Apesar do material de análise referir-se a apenas três sujeitos de pesquisa, os procedimentos de categorização descritos acima geraram um extenso material de análise, com um grande número de dados e perspectivas diferentes, fez-se então necessário realizar um recorte para contemplar a realização da pesquisa.

Um aspecto bastante presente nos relatos dos sujeitos de pesquisa evidenciou-se: o Contexto Sonoro-Musical – que pode ser entendido como os dados que dizem respeito ao “onde”, “o quê” e “com quem” a música é experienciada. Assim, optou-se por considerar principalmente estes aspectos para realizar uma análise mais aprofundada dos dados.

O Contexto Sonoro-Musical é composto pelos lugares onde a música é vivenciada, as pessoas que compartilham destas experiências, as fontes sonoras e o universo artístico-cultural que aparecem no relato dos sujeitos de pesquisa.

Observou-se que tais aspectos podiam ser evidenciados já na estrutura prévia do material de análise em todas as etapas descritas no item da História Sonoro- Musical, uma vez que algumas questões indicavam este aspecto presente em cada etapa descrita. As questões que apontaram para estes aspectos foram:

Onde você nasceu e com quem foi morar?

Como eram as sonoridades dos ambientes em que você vivia? Momentos, pessoas e situações que considere importante destacar. Como era a presença da música e/ou sons na sua vida?

Quais eram suas preferências sonoro-musicais neste período? E suas recusas sonoro-musicais?

Lista de música e sons presentes no período.

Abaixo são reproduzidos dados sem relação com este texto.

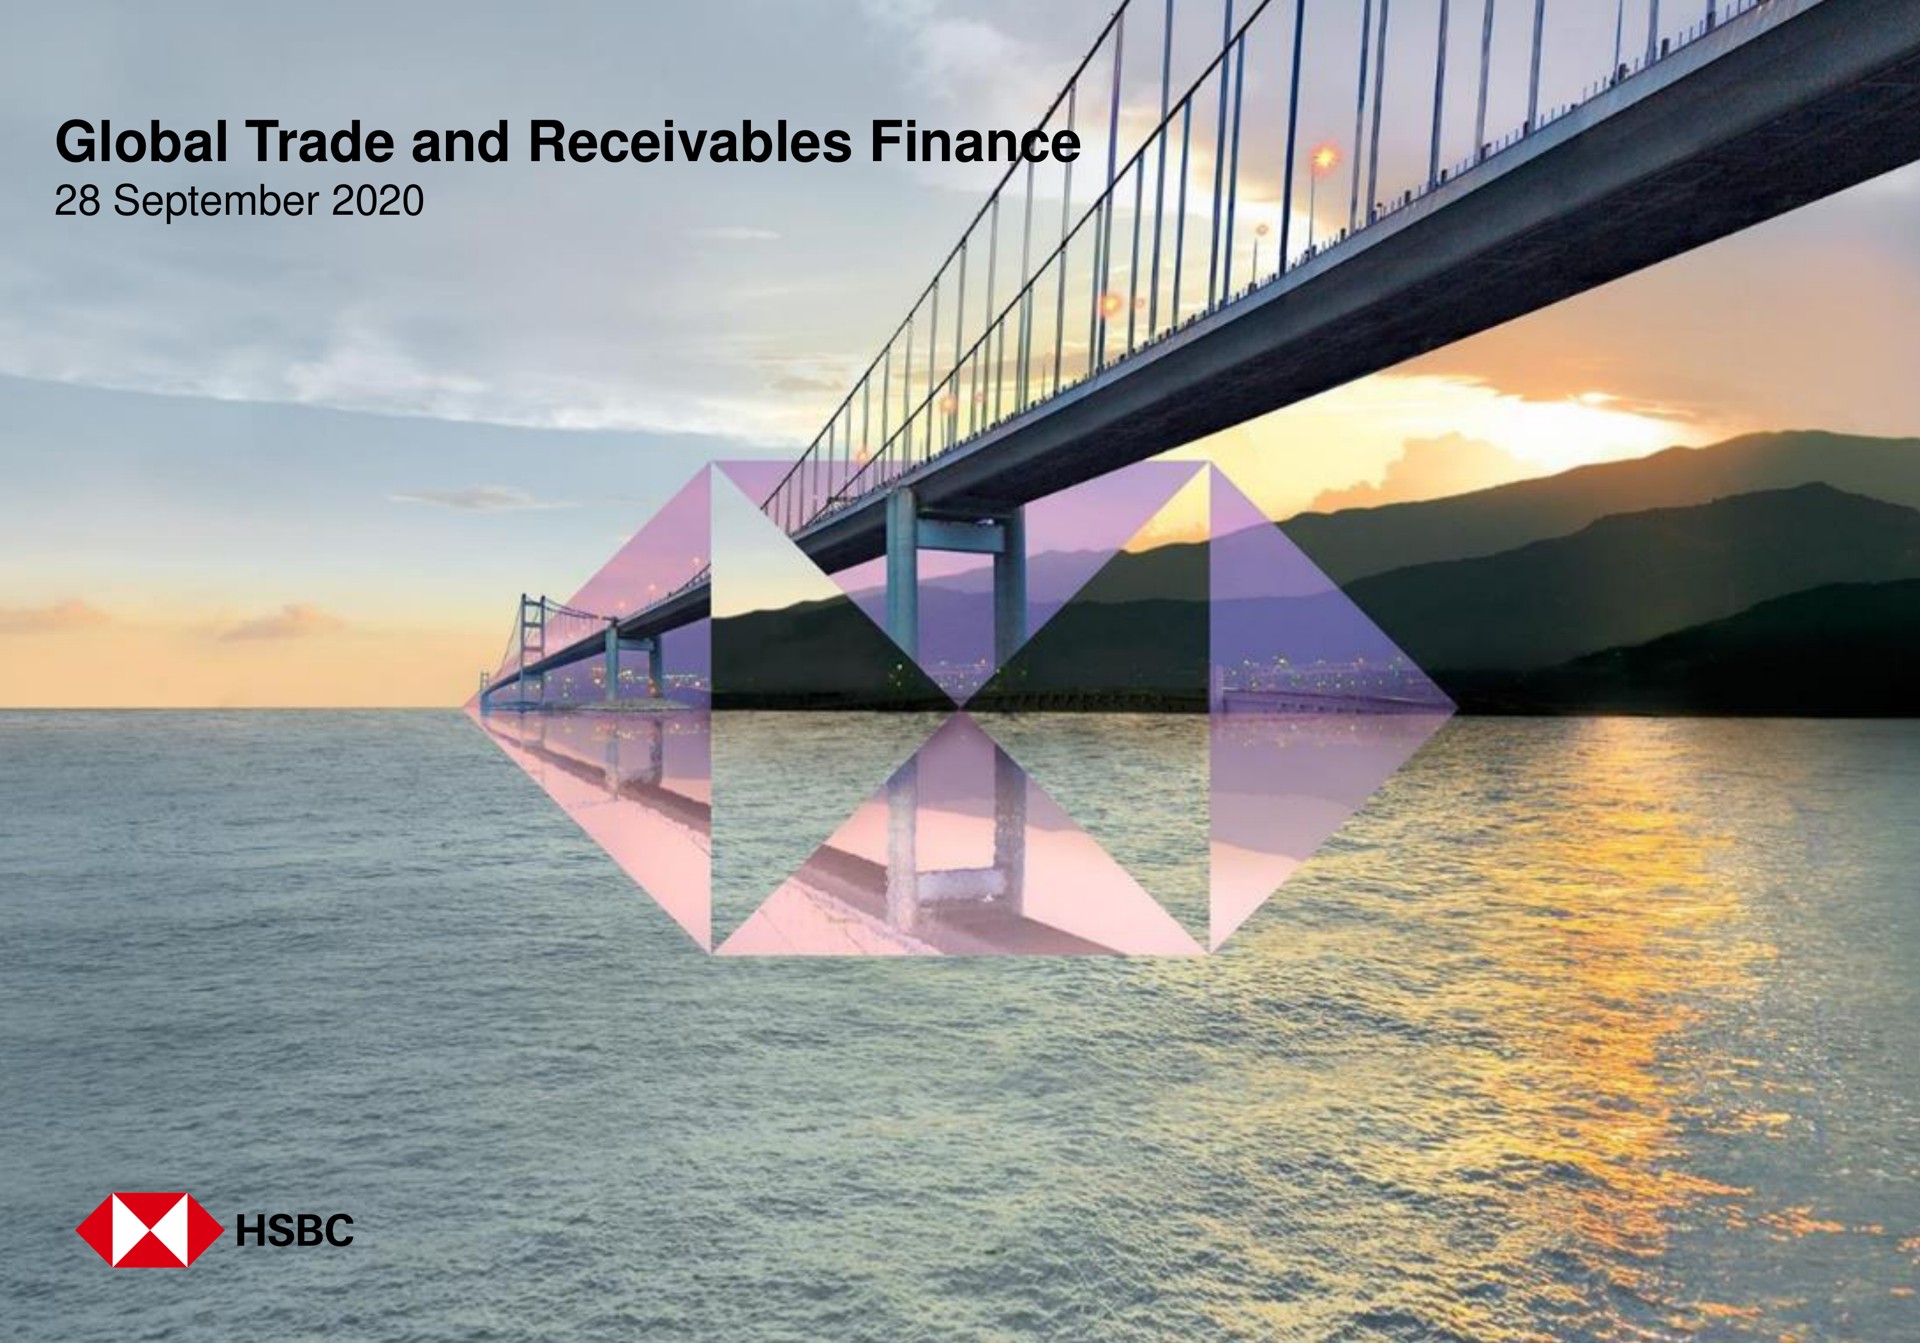 global trade and receivables finance | HSBC

Porém, cabe ressaltar que apesar do Contexto Sonoro-Musical constituir-se por um conteúdo pressuposto no material, as variações das respostas dos sujeitos de pesquisa para este aspecto foram muito amplas se estendendo por todo relato, e não se restringindo apenas às perguntas direcionadas a temática.

O recorte também foi sustentado pelo aporte metodológico de Martins e Bicudo (2005), escolhido para nortear a pesquisa, visto que estes colocam a interrogação do mundo ao redor como o objetivo da pesquisa qualitativa. Para chegar a este objetivo, os autores apresentam como possibilidades a perspectiva de primeira ordem na qual o pesquisador interroga diretamente o mundo perguntando- se “o que é isto que vejo?”; a perspectiva de segunda ordem que consiste no pesquisador perguntar às pessoas o que elas pensam sobre o fenômeno; ou ainda uma outra possibilidade na qual o pesquisador:

Pode olhar o fenômeno interrogado contextualmente, ou seja, pode querer ver como ele se relaciona com as demais entidades com as quais está no

contexto onde aparece e procurar compreendê-lo a partir dessa relação (MARTINS; BICUDO, 2005, p. 24).

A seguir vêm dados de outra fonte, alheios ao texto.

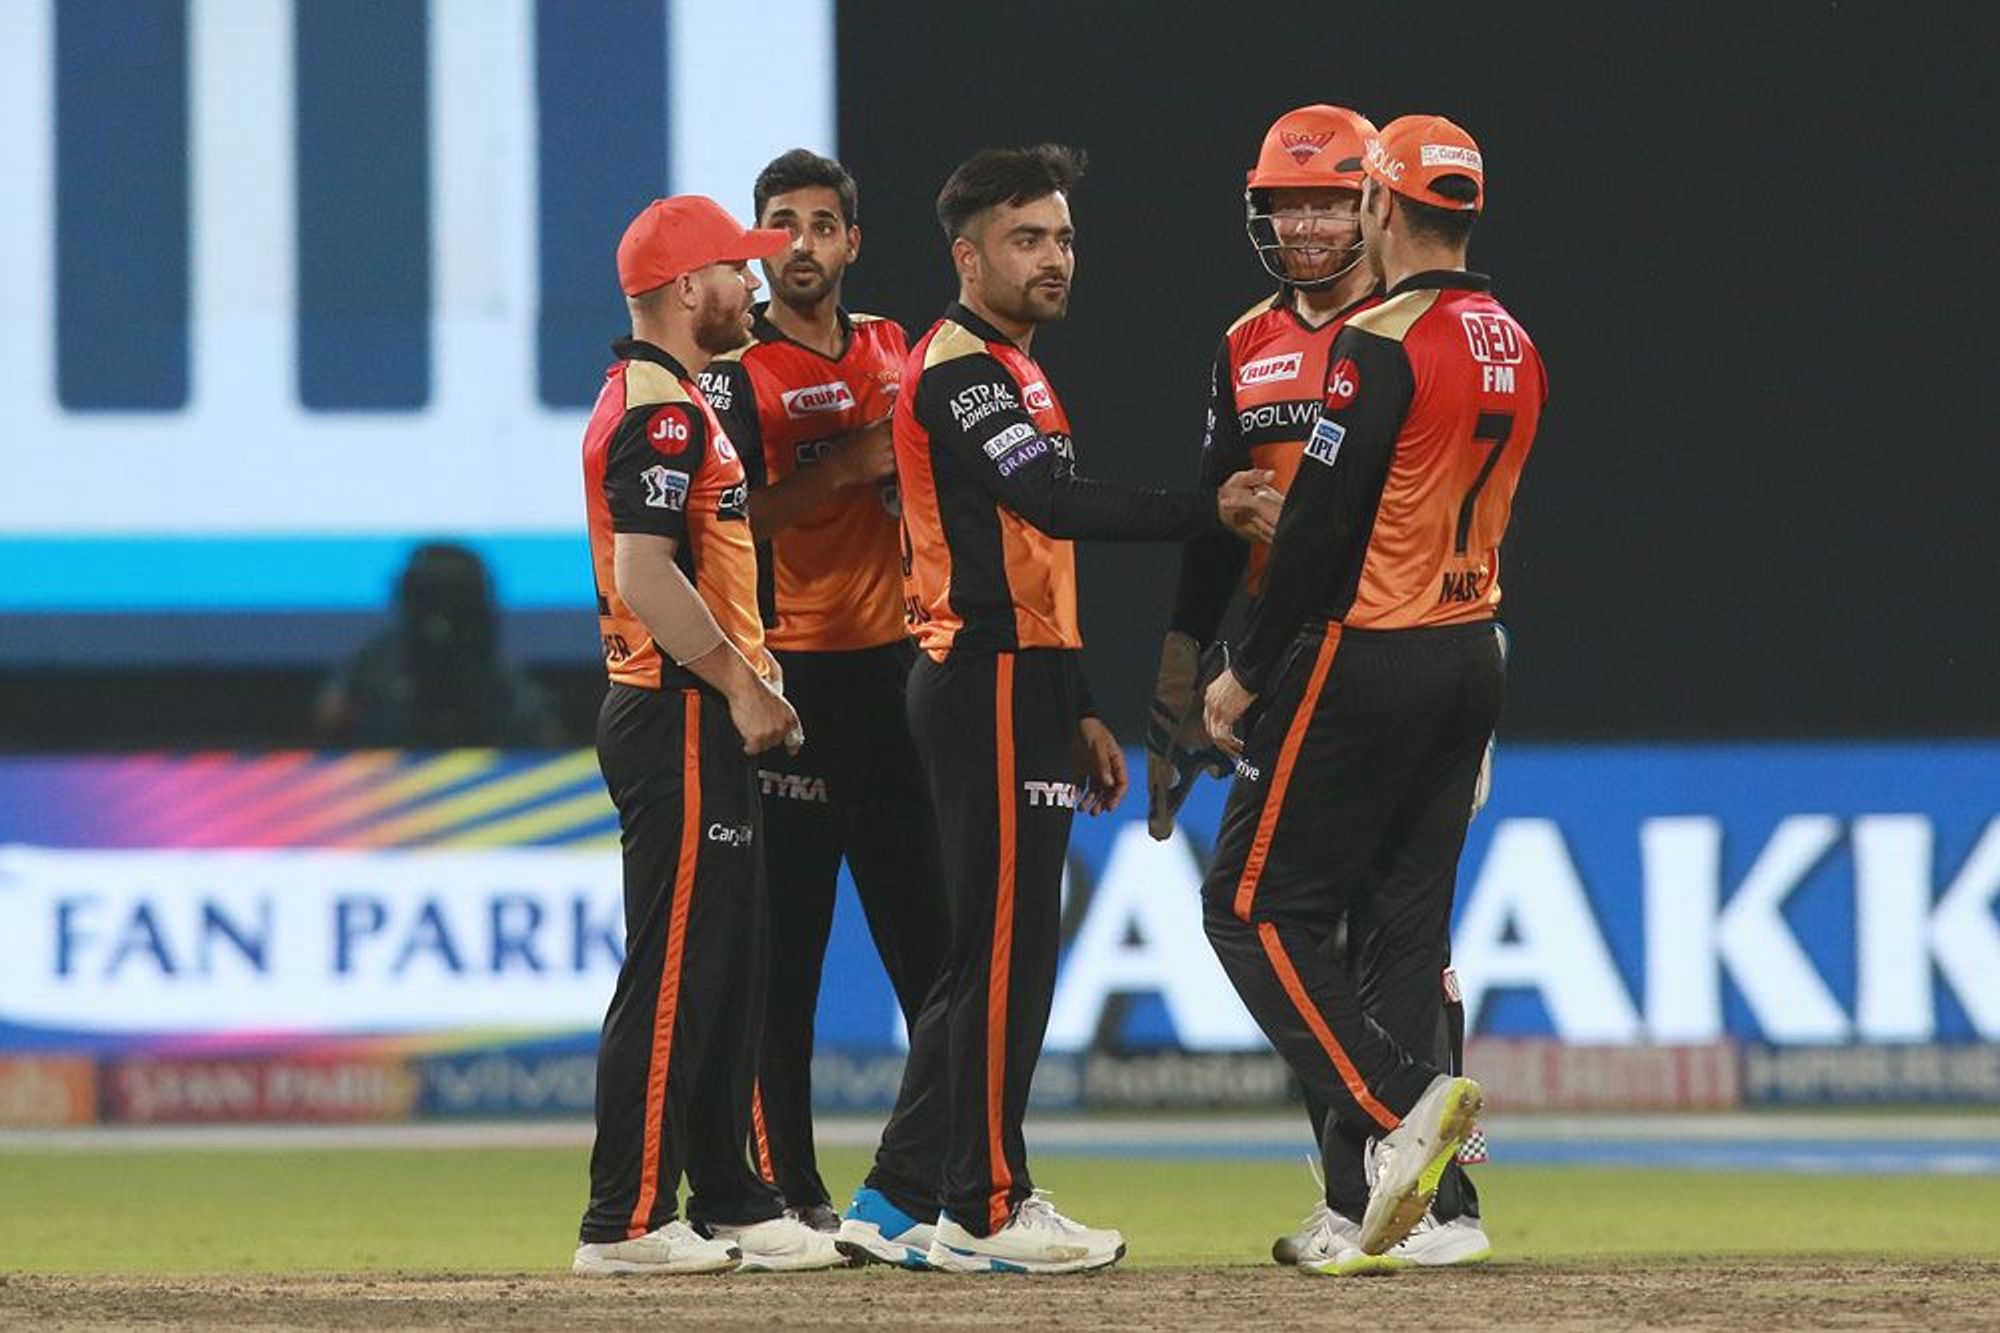 Chuck, Marry and Frill | Who SRH should let go and retain ahead of IPL 2021

Através desta última possibilidade as experiências musicais dos sujeitos de pesquisa foram descritas e analisadas. Desta forma, nos capítulos a seguir apresentam-se as descrições e os resultados das análises tendo como eixo o recorte proposto.

Uma vez que o material de análise refere-se a um Histórico Sonoro-Musical, os dados serão apresentados levando-se em consideração a perspectiva cronológica proposta no material. Este procedimento será apresentado primeiro individualmente, demonstrando o Contexto Sonoro-Musical de cada sujeito de pesquisa (capítulo 4) e depois através de uma descrição única entrelaçando a narrativas dos três sujeitos de pesquisa (capítulo 5).

Este entrelaçamento das narrativas constitui a análise nomotética, na qual, segundo Martins e Bicudo (2005, p. 106)

[...] há um movimento da Psicologia individual para o aspecto psicológico geral presente na manifestação do fenômeno estudado. O objeto ou o fim a chegar nesta análise nomotética é a estrutura geral psicológica. Esse empreendimento envolve uma compreensão dos diversos casos individuais como exemplos de algo mais geral e a articulação desses casos individuais, como exemplos particulares, em algo mais geral. A estrutura psicológica geral é a resultante da compreensão das convergências e das divergências que se mostram nos casos individuais.

Na análise conduzida no capítulo 5 se abordará separadamente cada um dos aspectos do Contexto Sonoro-Musical a partir do entrelaçamento de convergências e divergências encontradas nos relatos dos sujeitos de pesquisa. A partir desta nova movimentação, pode-se aproximar um pouco mais da compreensão geral do fenômeno de estudo: a experiência musical.

No documento Investigando a experiência musical (páginas 70-76)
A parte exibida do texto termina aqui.